An About the Author page is a brief biography at the back of a book that tells readers who the author is, establishes their credibility, and invites further engagement, typically written in third person and running 50–150 words.

It’s distinct from an author bio on your website or a conference bio, each of those has a different audience and purpose. The book’s About the Author page speaks specifically to someone who just finished reading your work. They already like what you wrote. Now they want to know who you are.
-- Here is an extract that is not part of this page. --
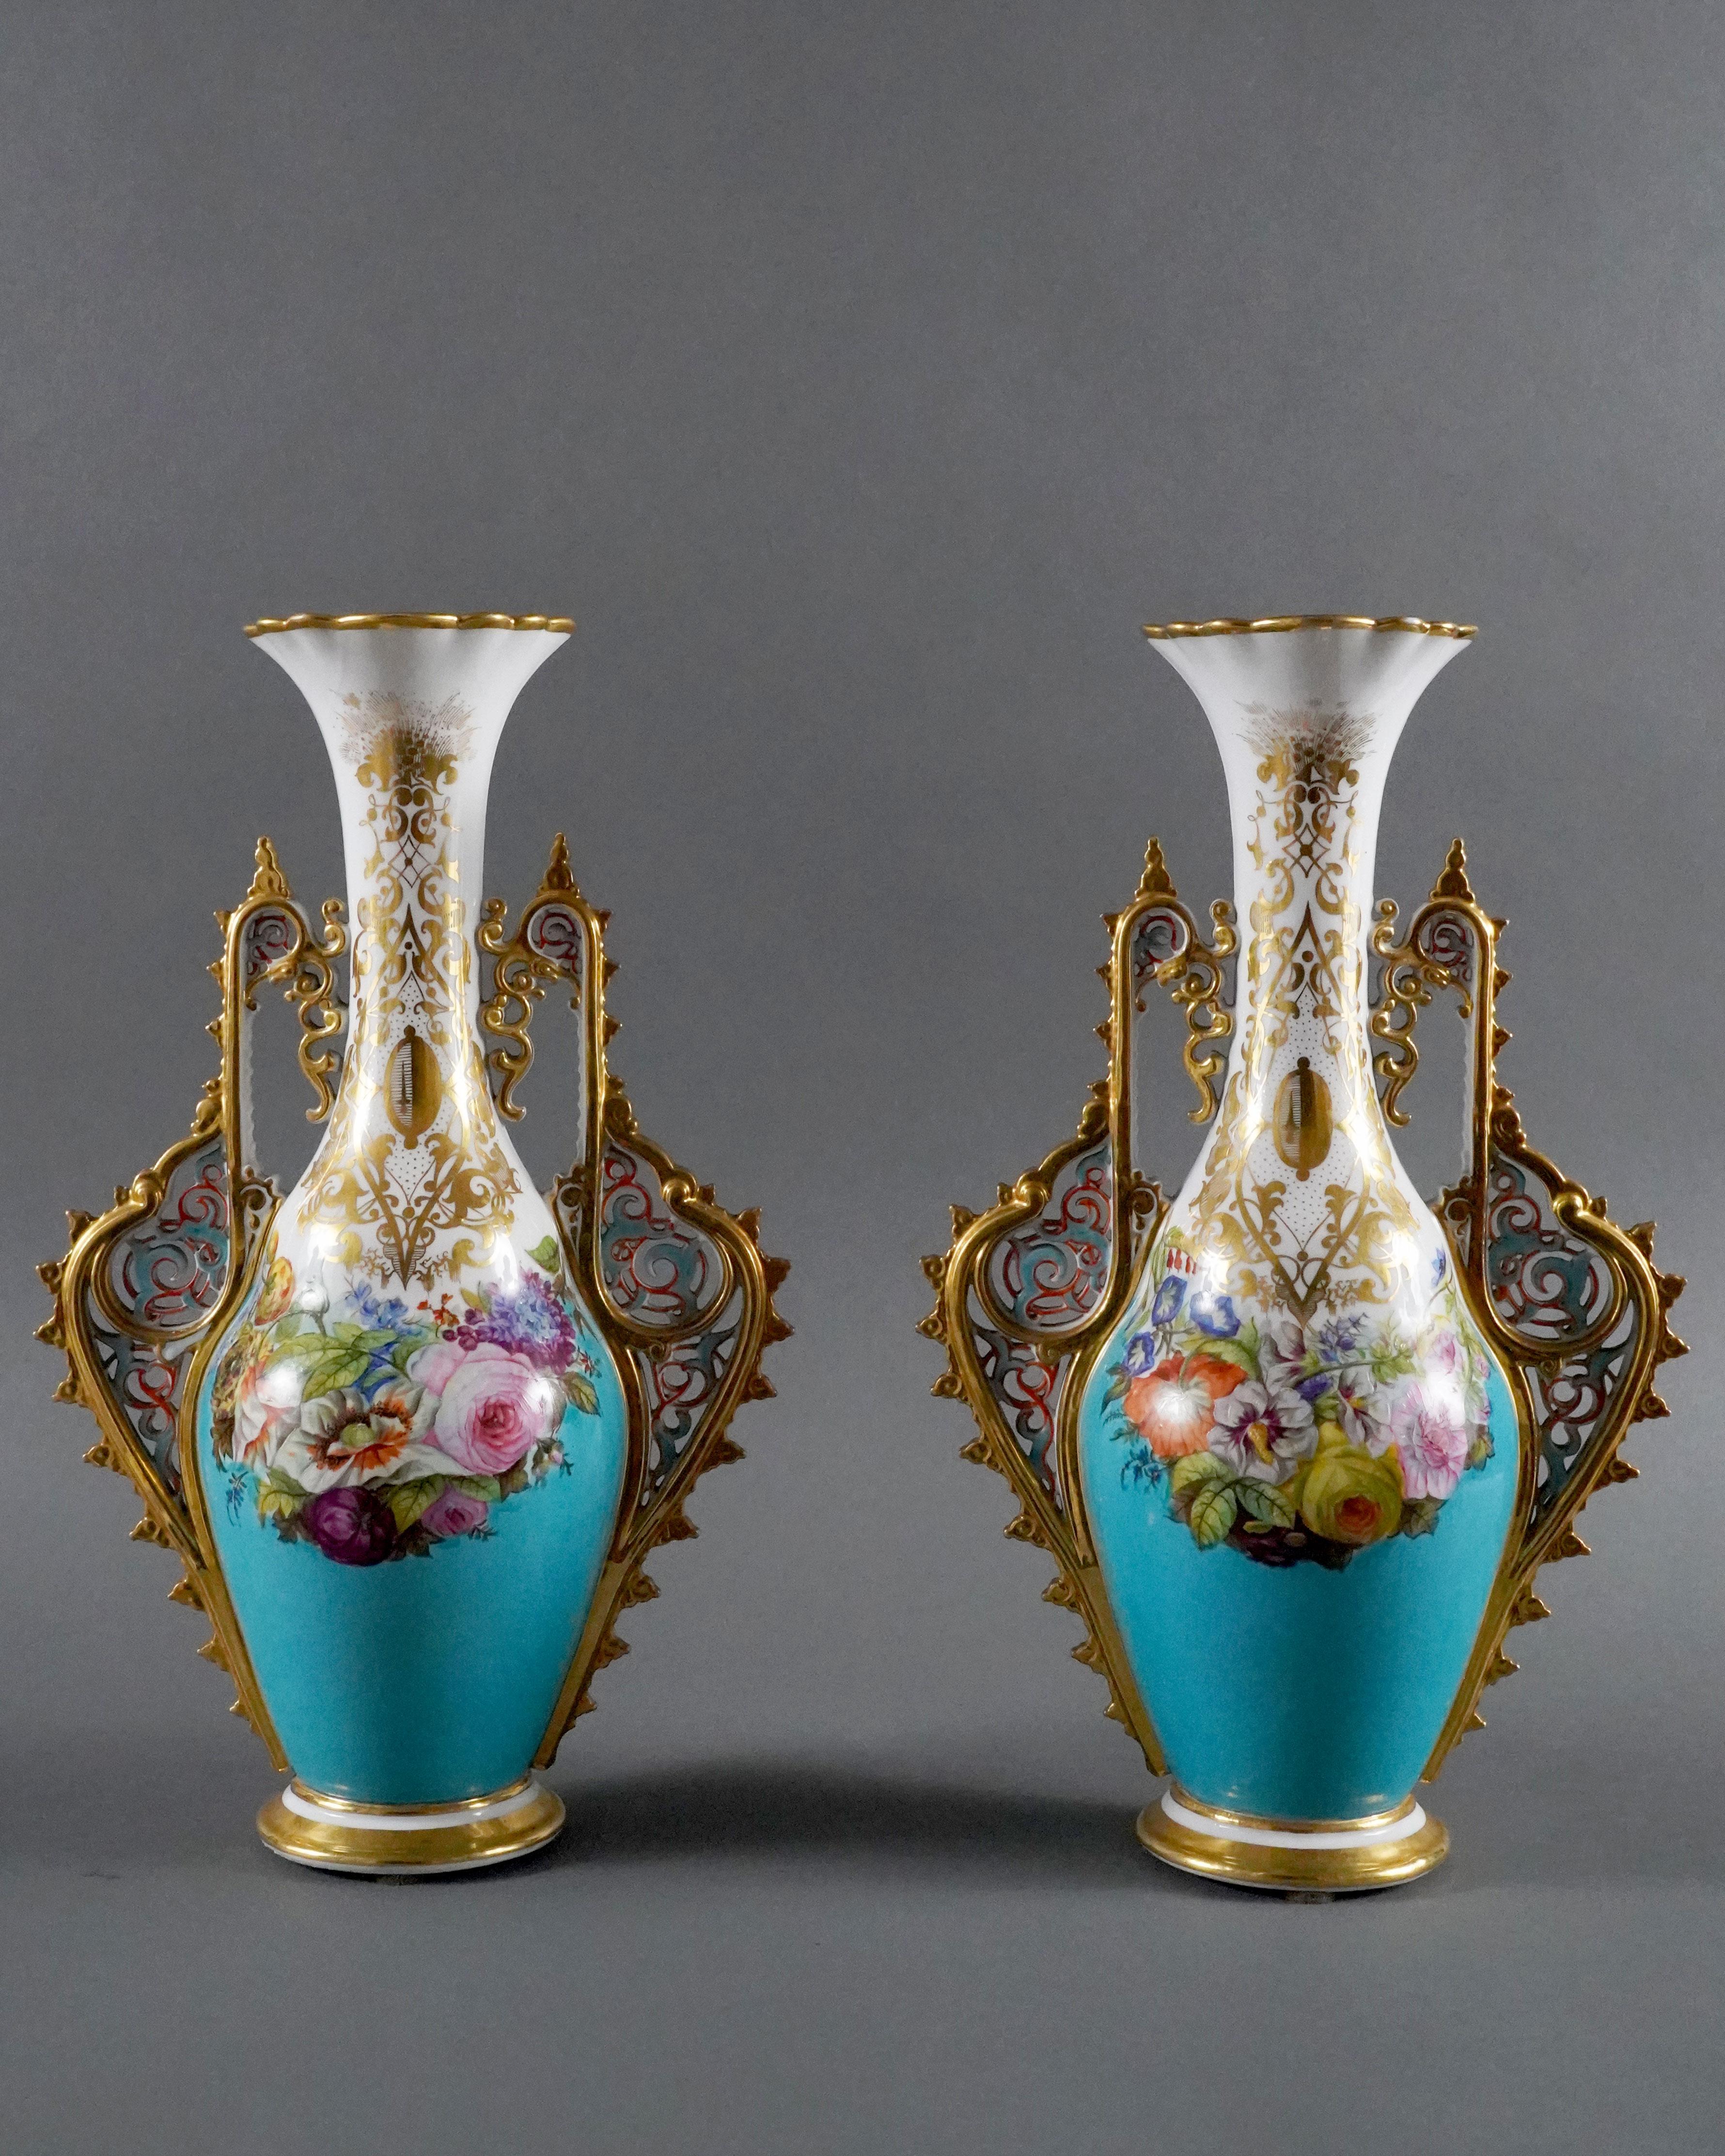 Belle paire de vases amphores en porcelaine blanche et bleue, richement décorés sur chaque face de belles compositions florales polychromes encadrées par des anses aux motifs ajourés de rinceaux orientaux inspirés des décors de l'Alhambra. Les cols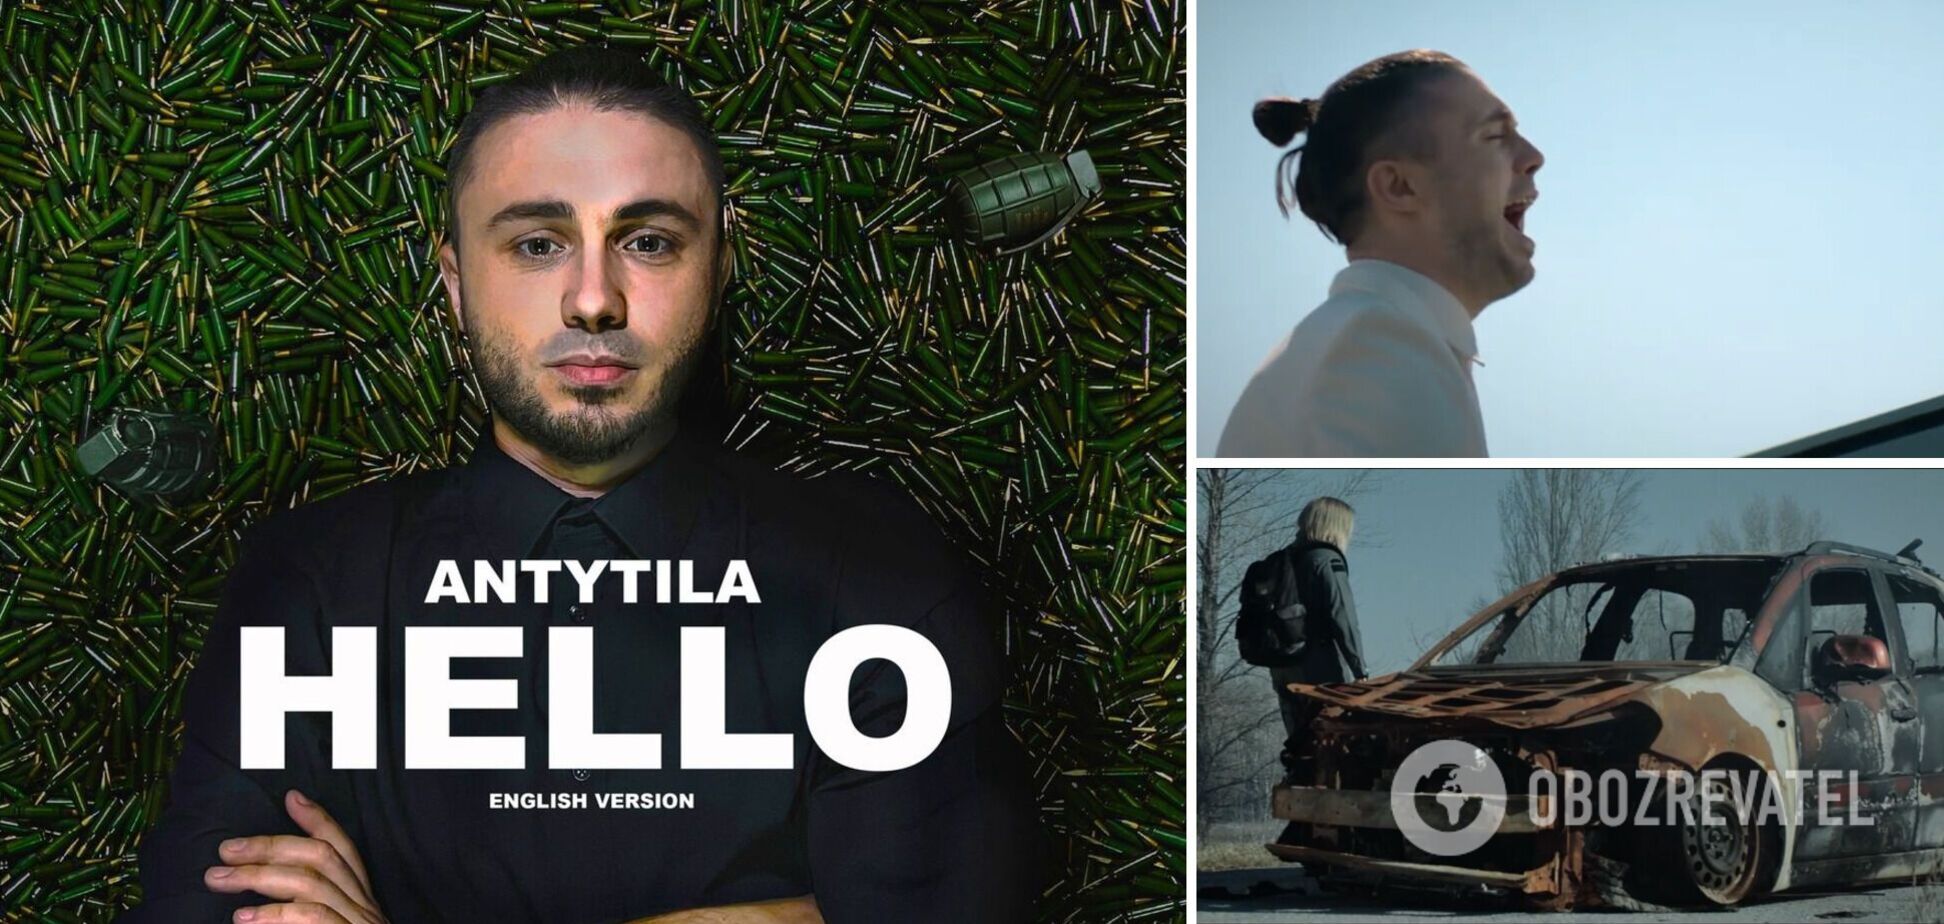 Тарас Тополя и 'Антитіла' выпустили англоязычную версию песни Hello. Видео

The page typically appears immediately after the final chapter. Some authors also include a version on the copyright page or as a standalone page at the front of the book.

For fiction, the tone is usually personal and warm. For nonfiction and business books, it leans toward credibility and expertise, though the best examples blend both.

Why Is an About the Author Page Important?

An About the Author page matters because it turns one-time readers into long-term followers by giving engaged readers a natural next step—your other books, your website, your email list, or your social media.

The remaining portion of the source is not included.